As far an actual camp is concerned....I dunno....But my dad did guard Japanese Foreign nationals on their work details and what not....so they were interred somewhere on hawaii for sure.
I only assumed there were actual internment camps, because my dad said so.
I distinctly remember my dad telling me that, part of the interned jap's work detail, was cleaning the beaches, and he spoke of how they would grab the cigarette butts out of the sand and smoke them.

Yup, there were jap americans interned in Hawaii.
Choose one:
1) Be a Japanese-American in a internment camp during WW2.
2) Be a US soldier on the Bataan death march (or anywhere as a South Pacific POW).

In comparison, #1 is an unfortunate inconvenience. #2 is a despicable example of complete absence of humanity.
I think you are wrong here Roger.

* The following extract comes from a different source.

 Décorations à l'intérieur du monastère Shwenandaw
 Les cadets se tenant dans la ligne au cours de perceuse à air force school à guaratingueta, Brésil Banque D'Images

Internment of a U.S. Citizen without a trial because of his ethnicity?
More country of origin than ehtnicity, I think. Regrettable but necessary.
Country of Origin? How come no internment of German or Italian Americans then???

Is it your contention that U.S. Citizens are entitled to disparte treatment because of where they or their parents were born?
Funny that you mention it. There indeed was internment of Germans during WWII on the East Coast but it was a much smaller deal. I don't know about Italians. I'll post on it. Thanks for the comments. You too, Chemgeek. Well stated.